Merkez Bankası’nın bu uygulamasının, son zamanlarda 50 Milyon Dolar’ı aşmayan döviz satış ihalelerindeki eğilime paralel olduğunu ve 50 baz puanlık bu artırımın ilk aşamalarda etkin olsa da bu durumun devam etmediğini ve Dolar/TL’nin PPK açıklamaları sırasında gördüğü 1,9410 seviyelerinden 1,9510’lara tırmanabildiğini görüyoruz. Genel olarak bu toplantıda TCMB’nin Eylül’de FOMC öncesine denk gelen toplantıya biraz daha esneklik sağlamak adına daha düşük bir artırıma gittiğini düşünmekteyiz. Bu durumun sonucu, Eylül ayı içerisinde değersiz TL ve yüksek enerji fiyatlarının da etkisi ile Türkiye’nin enflasyonunda yükselişlere meylin artmasına neden olabileceğini düşünmekteyiz.

SETA Ekonomi Direktörü Prof. Dr. Erdal Tanas Karagöl:
Karar mevcut sermayenin çıkmasını engelleyecek

Siyaset, Ekonomi ve Toplum Araştırmaları Vakfı (SETA ) Ekonomi Direktörü Prof. Dr. Erdal Tanas Karagöl,  "Dünyada eylül ayının fırtınalı geçeceği beklentisi hakim. Bu anlamda geçen ay uluslararası beklentilerin altında gerçekleşen faiz artırımı, bu ayla birlikte yüzde 1,25 olarak gerçekleşti. Söz konusu artış yeni sermaye akımlarını çekmese bile mevcut sermayenin ülkeden çıkmasını engelleyecektir" dedi.

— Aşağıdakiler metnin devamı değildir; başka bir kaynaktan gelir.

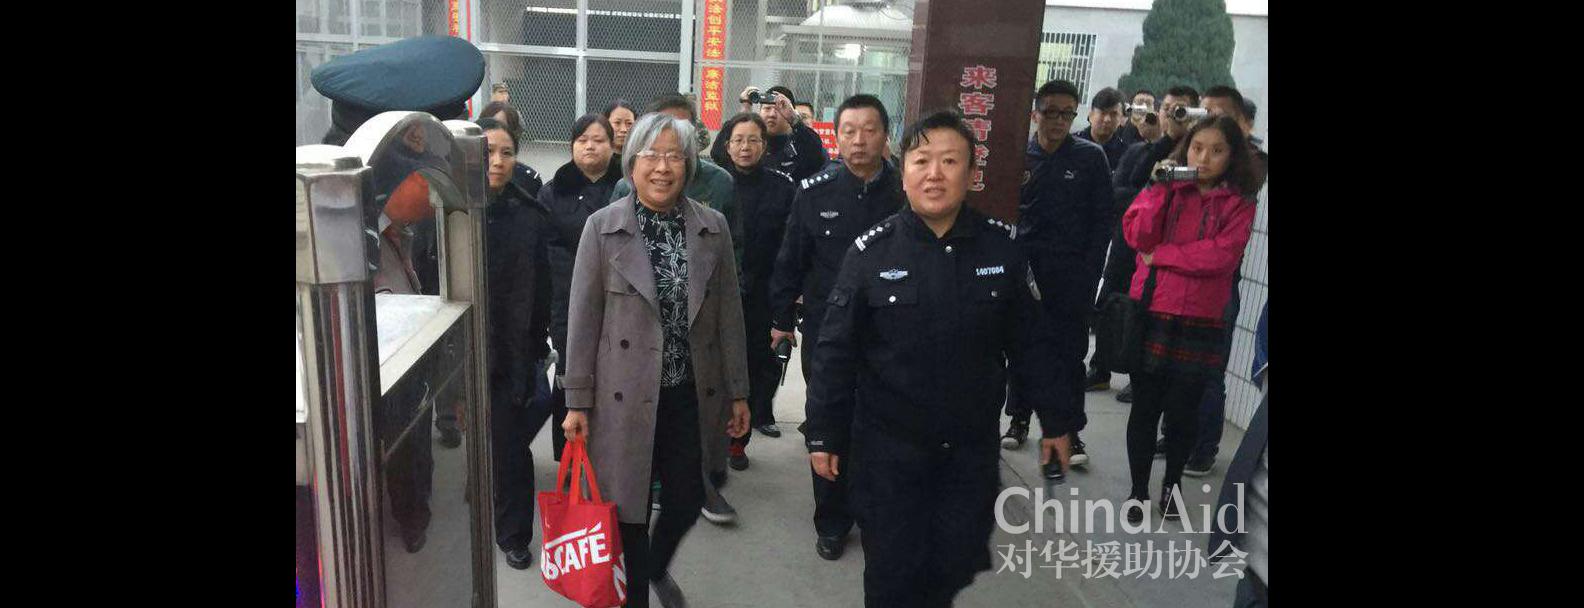 Foto: China Aid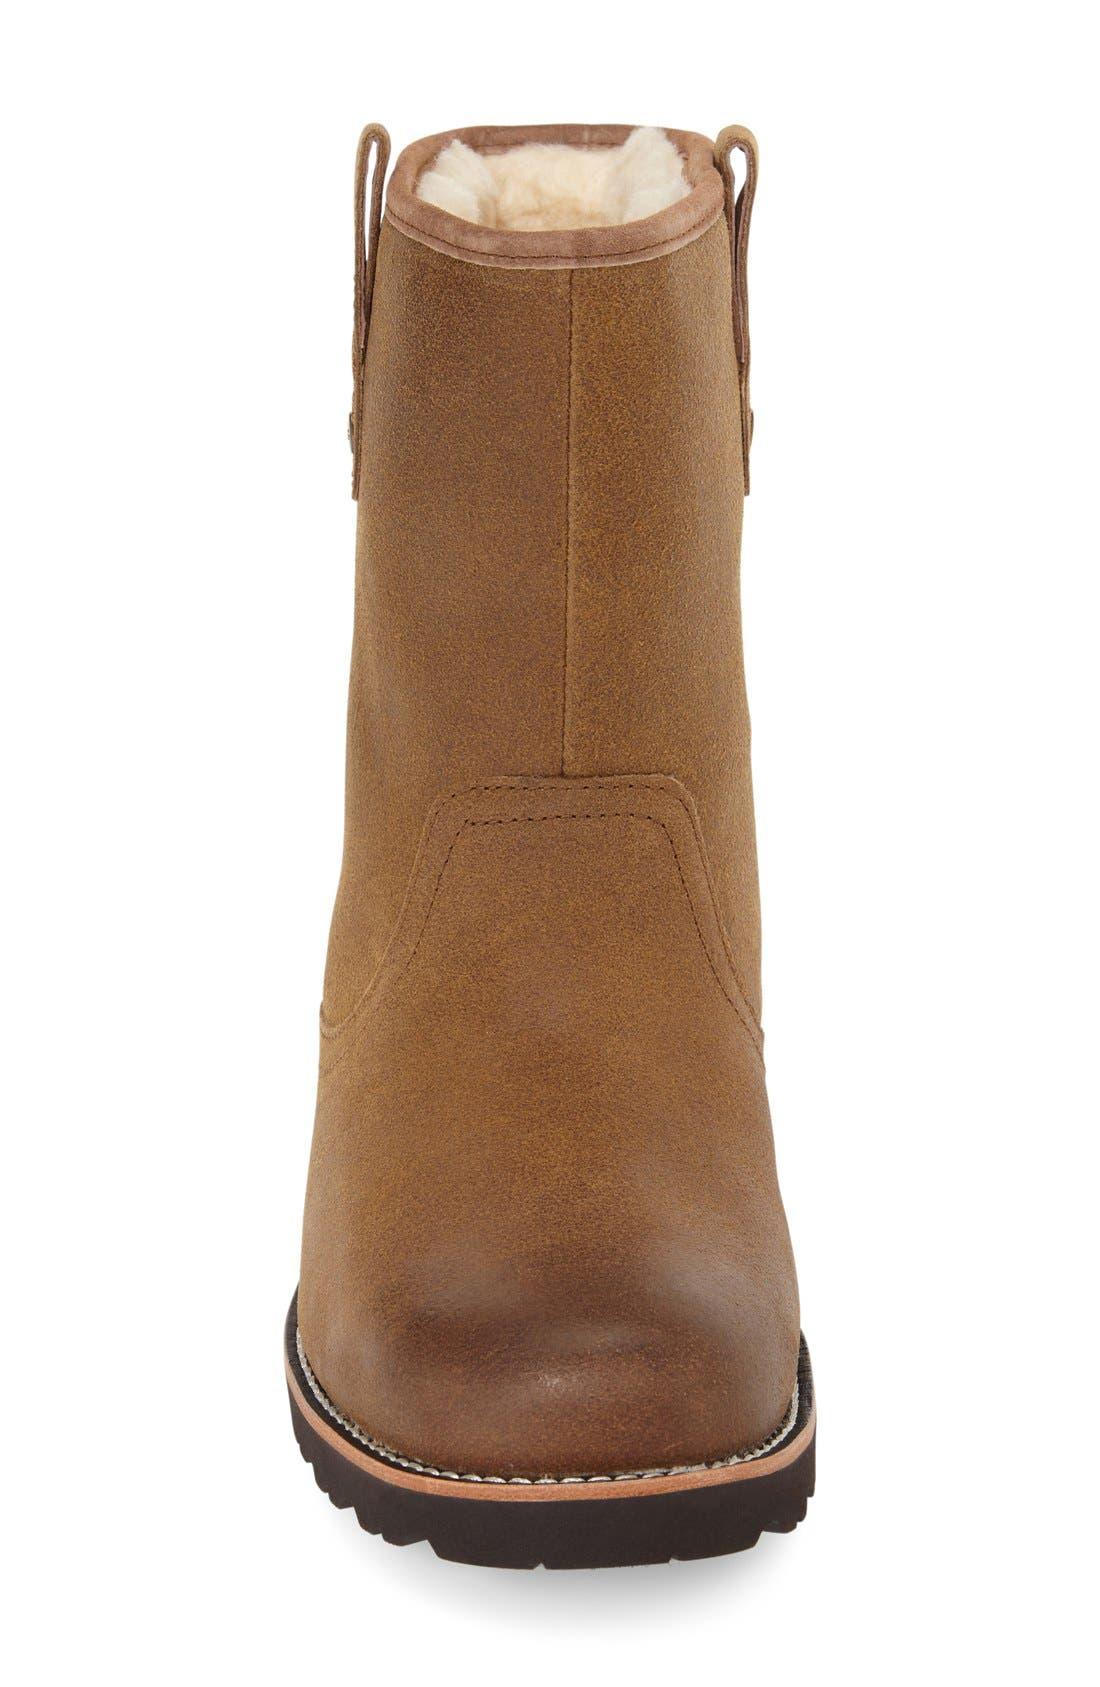 Stoneman Waterproof Boot,                             Alternate thumbnail 3, color,                             219

Merkez Bankasının eylül ayı itibariyle ABD Merkez Bankasından (Fed) gelecek olumsuz sinyaller nedeniyle tedbir amaçlı bir karar aldığını kaydeden Karagöl, "Merkez Bankası borç verme faiz oranını yükselterek, gelişmekte olan ülkelere yönelen sermayedeki azalmaya tedbir aldı" diye konuştu. Karagöl, bankanın tedbir açısından doğru bir karar aldığına işaret ederek, ağustos ayında alınan bu kararla, eylül ayına hazırlıklı girildiğini söyledi.

Karagöl, söz konusu kararla Merkez Bankasının bağımsızlığına yönelik tartışmalara da son verdiğini ifade etti.

Karagöl, mayıs ayından itibaren küresel bir belirsizlik yaşandığına ve sermaye akımlarında zayıflama olduğuna dikkati çekerek, "Dünyada eylül ayının fırtınalı geçeceği beklentisi hakim. Bu anlamda geçen ay uluslararası beklentilerin altında gerçekleşen faiz artırımı, bu ayla birlikte yüzde 1,25 olarak gerçekleşti. Söz konusu artış yeni sermaye akımlarını çekmese bile mevcut sermayenin ülkeden çıkmasını engelleyecektir" değerlendirmesinde bulundu.  

Fed kararlarının gelişmekte olan ülkeleri zorlayacağının altını çizen Karagöl, alınan kararla risklerin de minimize edildiğini vurguladı.